=== Record set ===

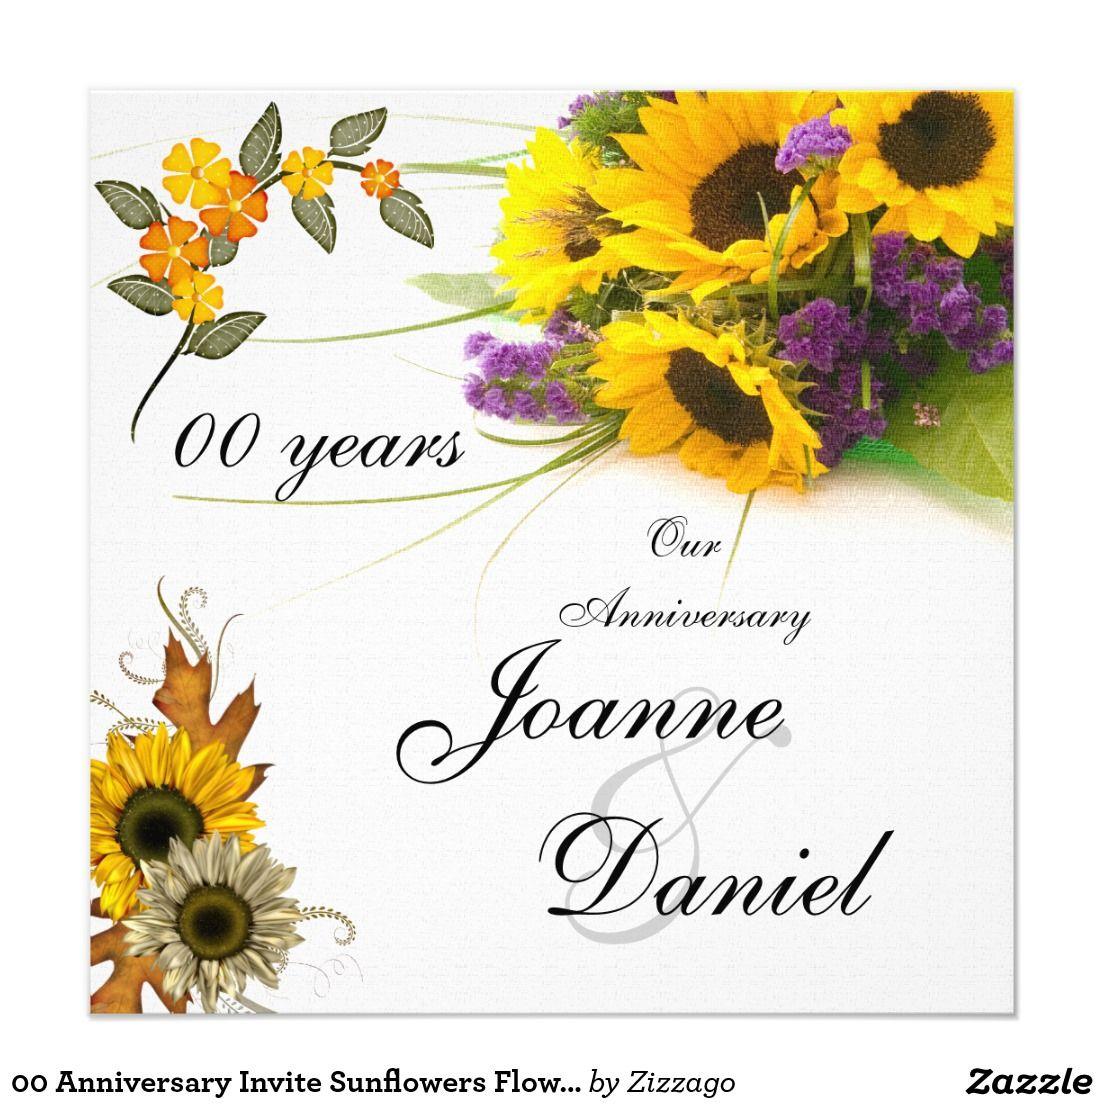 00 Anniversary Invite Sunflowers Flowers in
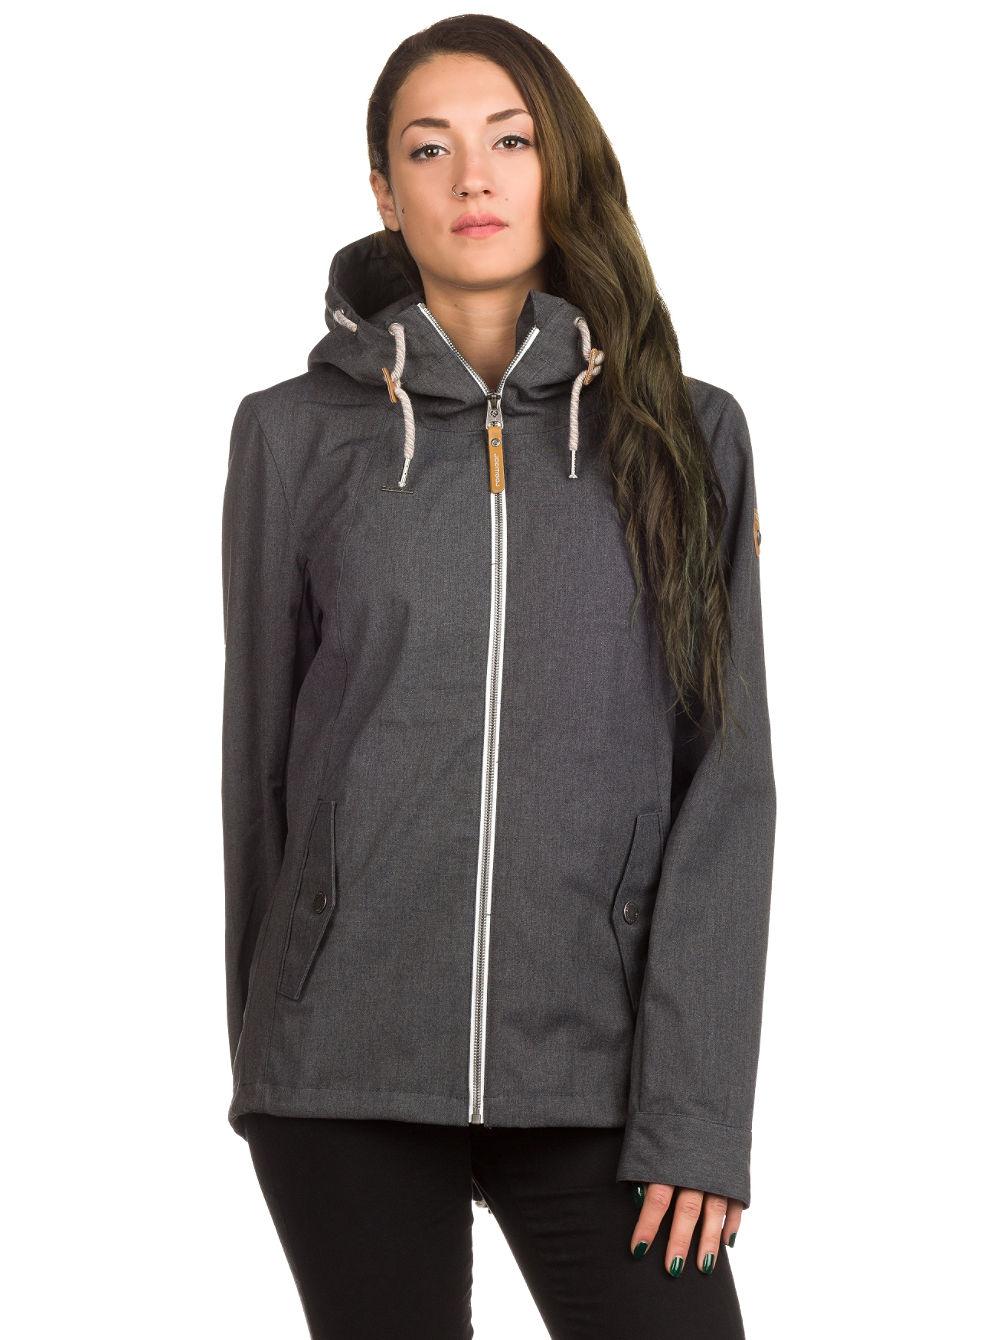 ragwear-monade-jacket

===
=== Record set ===

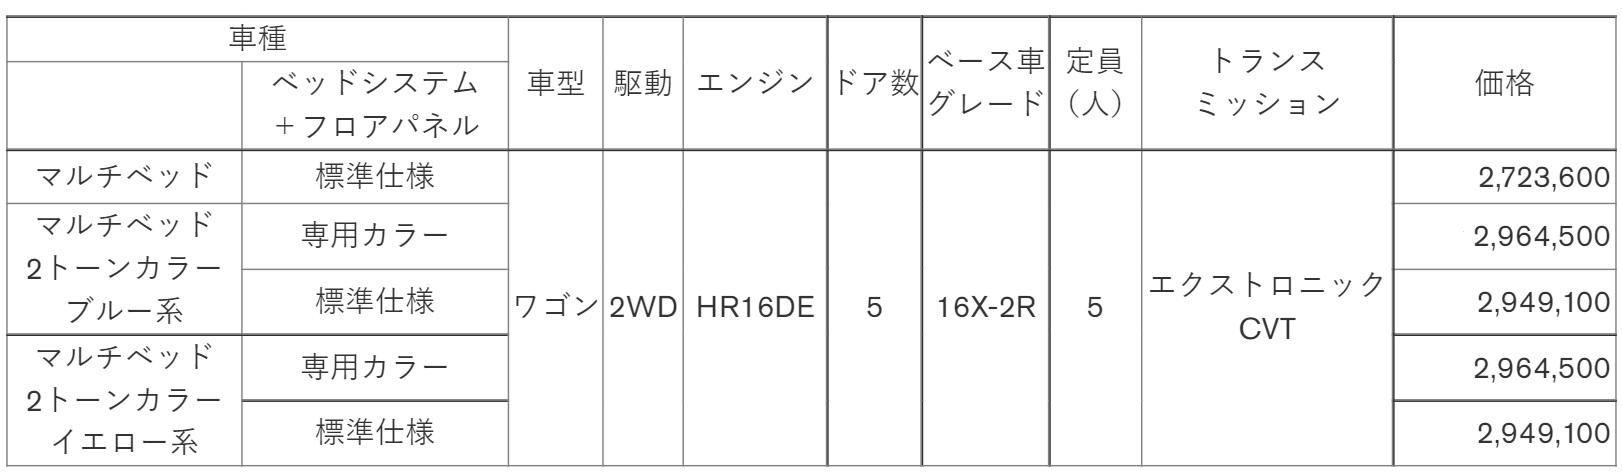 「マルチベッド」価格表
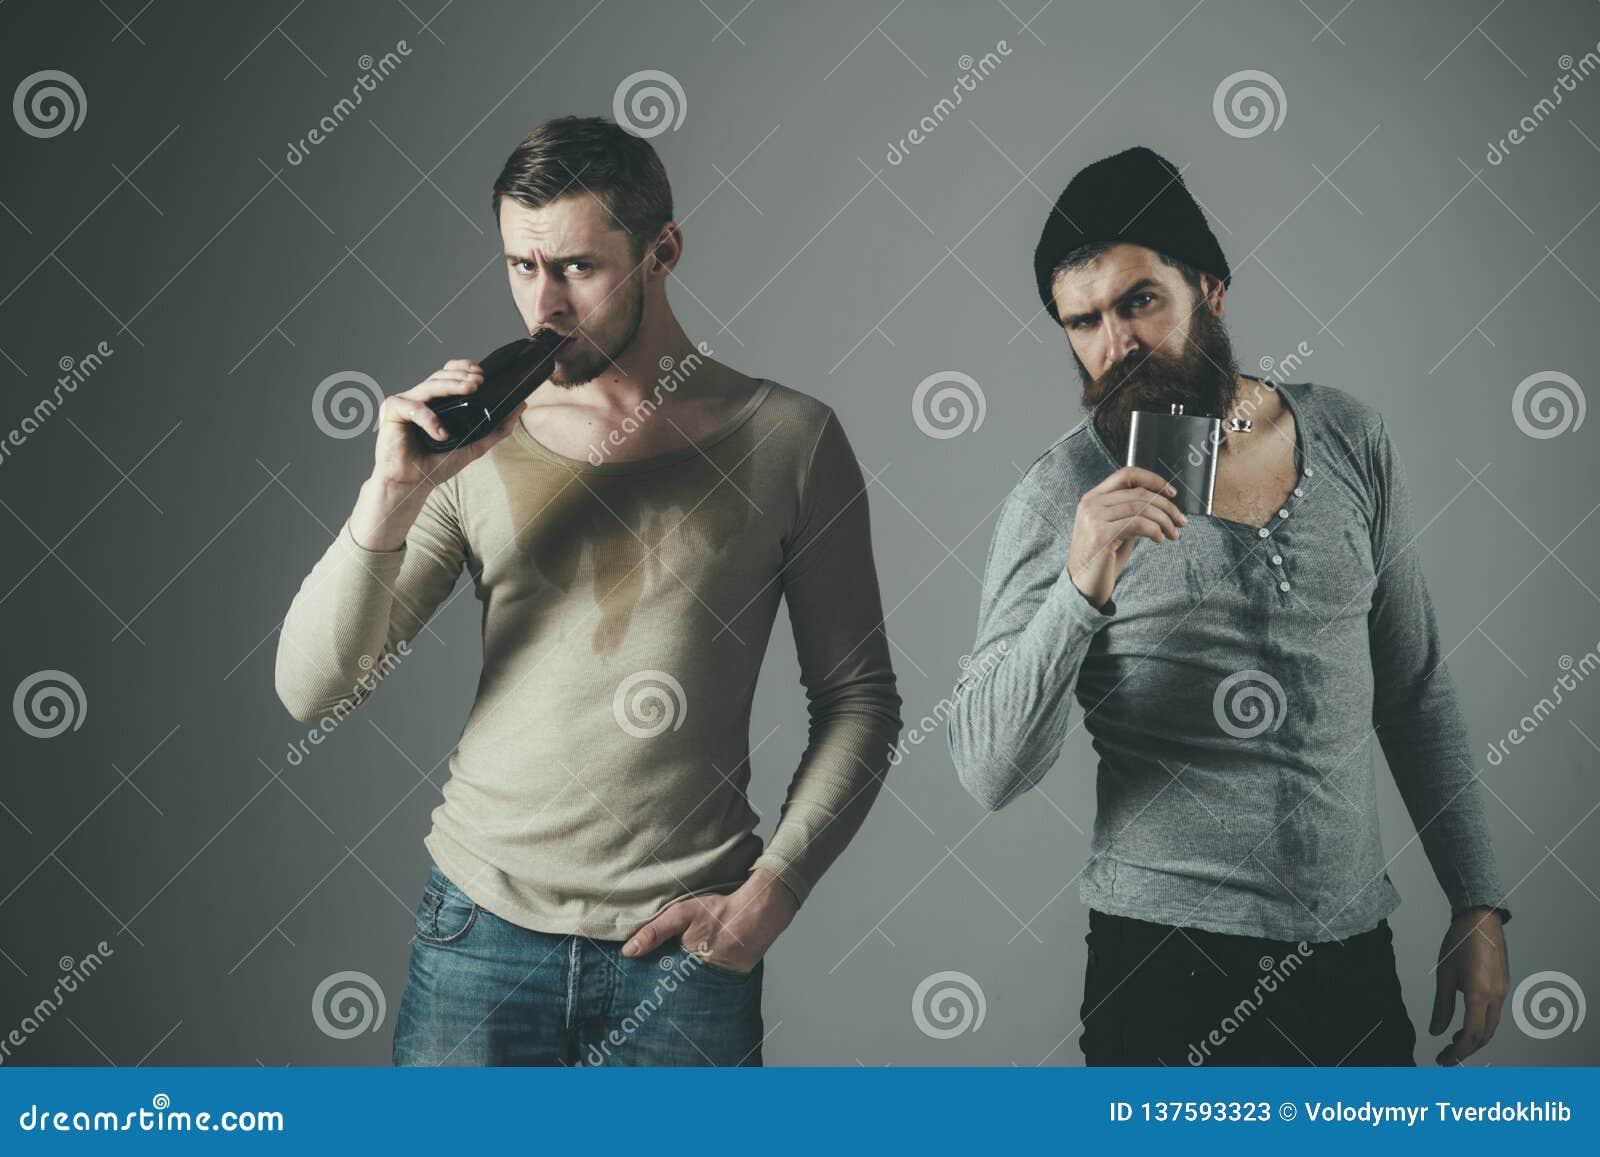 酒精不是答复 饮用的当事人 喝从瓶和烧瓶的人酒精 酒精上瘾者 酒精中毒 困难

===

• [Problem to solve] In the listing above, find the line with "00 Anniversary Invite Sunflowers Flowers in" and the line with "ragwear-monade-jacket". Transcribe those two and everything between, exactly, leaving out pictures.

• [Written solution]
 00 Anniversary Invite Sunflowers Flowers in
 ragwear-monade-jacket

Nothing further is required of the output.